Александр Грог - Время своих войн 1-2
Раввин Лазар призвал государственную власть «и дальше бороться с различными проявлениями антисемитизма и ксенофобии». «Но все же самое главное, — считает раввин, — это практическая работа с молодежью и профилактика ксенофобии в ее среде».
Председатель правления ФЕОР Александр Борода добавил к заявлению раввина Лазара, что «еврейские учебные заведения сегодня в значительной степени еще находятся в стадии формирования: есть проблема с кадрами, преподавательским составом. Потому что преподавание иудаики при советской власти было запрещенным занятием. Однако пройдет еще 3–5 лет, и мы подготовим своих преподавателей, получивших образование здесь, в России и являющихся российскими гражданами».
Также он сказал, что было бы правильным предоставлять учащимся иешив освобождение от службы в армии, «поскольку образ жизни религиозных юношей несовместим с прохождением службы в условиях армейской действительности. Ученики и выпускники иешив могли бы принести значительно большую пользу обществу в гражданской жизни, воспитывая в людях духовные ценности».
На встрече присутствовал министр образования и науки Российской Федерации Андрей Фурсенко…»
/по сообщению израильского портала jewish.ru/
(конец вводных)
----
— Серега!

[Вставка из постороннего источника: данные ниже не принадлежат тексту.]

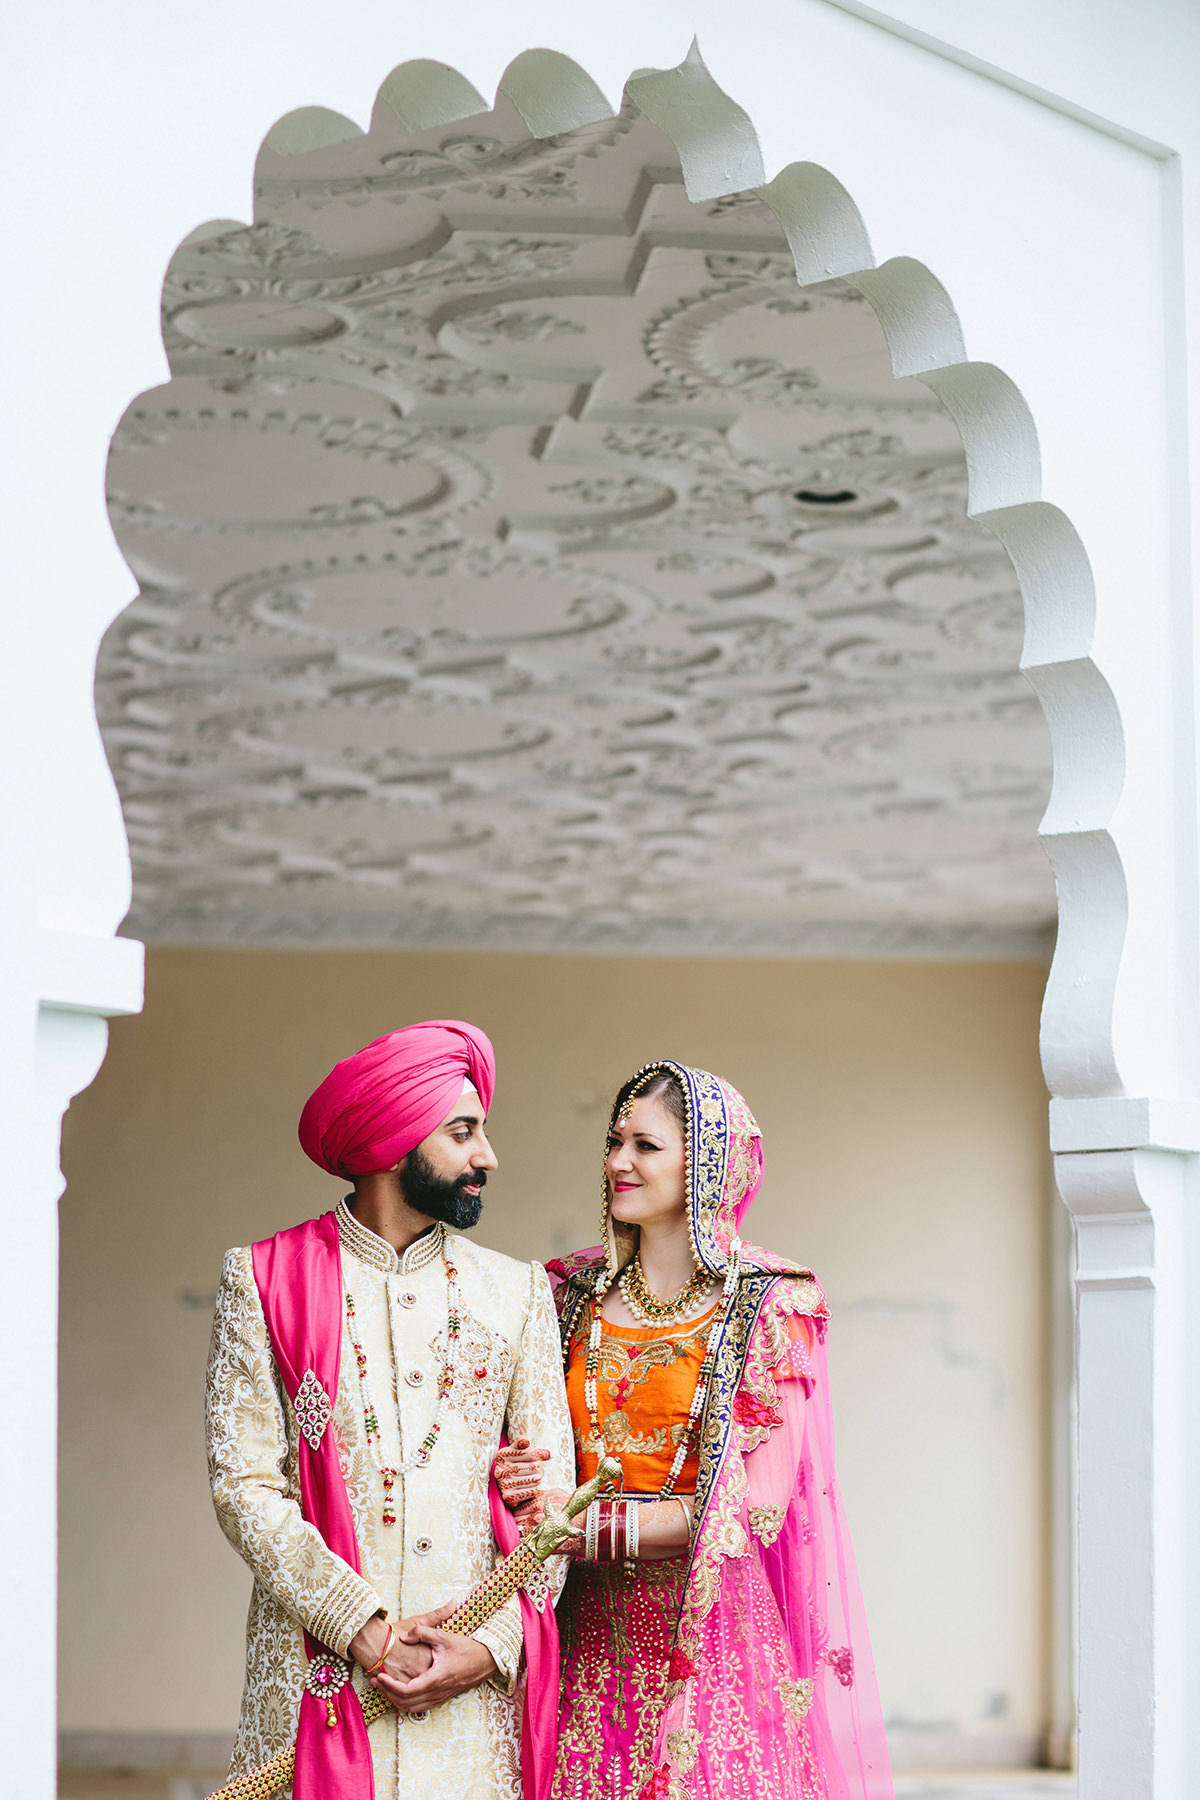 Wedding portraits. Indian wedding | Indian wedding photography couples,  Indian wedding photography poses, Wedding couple poses photography

Ну их!
— Серега! А тост новый слабо? С листа?
Извилина поднимает бокал, смотрит его на просвет.
— Выдай–ка, которого не слышали!
Сергей — Извилина — бездонная кладезь информации — не хмуря лба, выдает:
— Водка испаряется со скоростью два молекулярных слоя в секунду. Видите? Соображаете?…
— Не очень…Это ты у нас — «Глаз».
— Я вот уже 10 секунд пытаюсь вас в соображение окунуть, а тут 20 слоев, как корова языком… Замечаете? Уже 35!.. Вывод?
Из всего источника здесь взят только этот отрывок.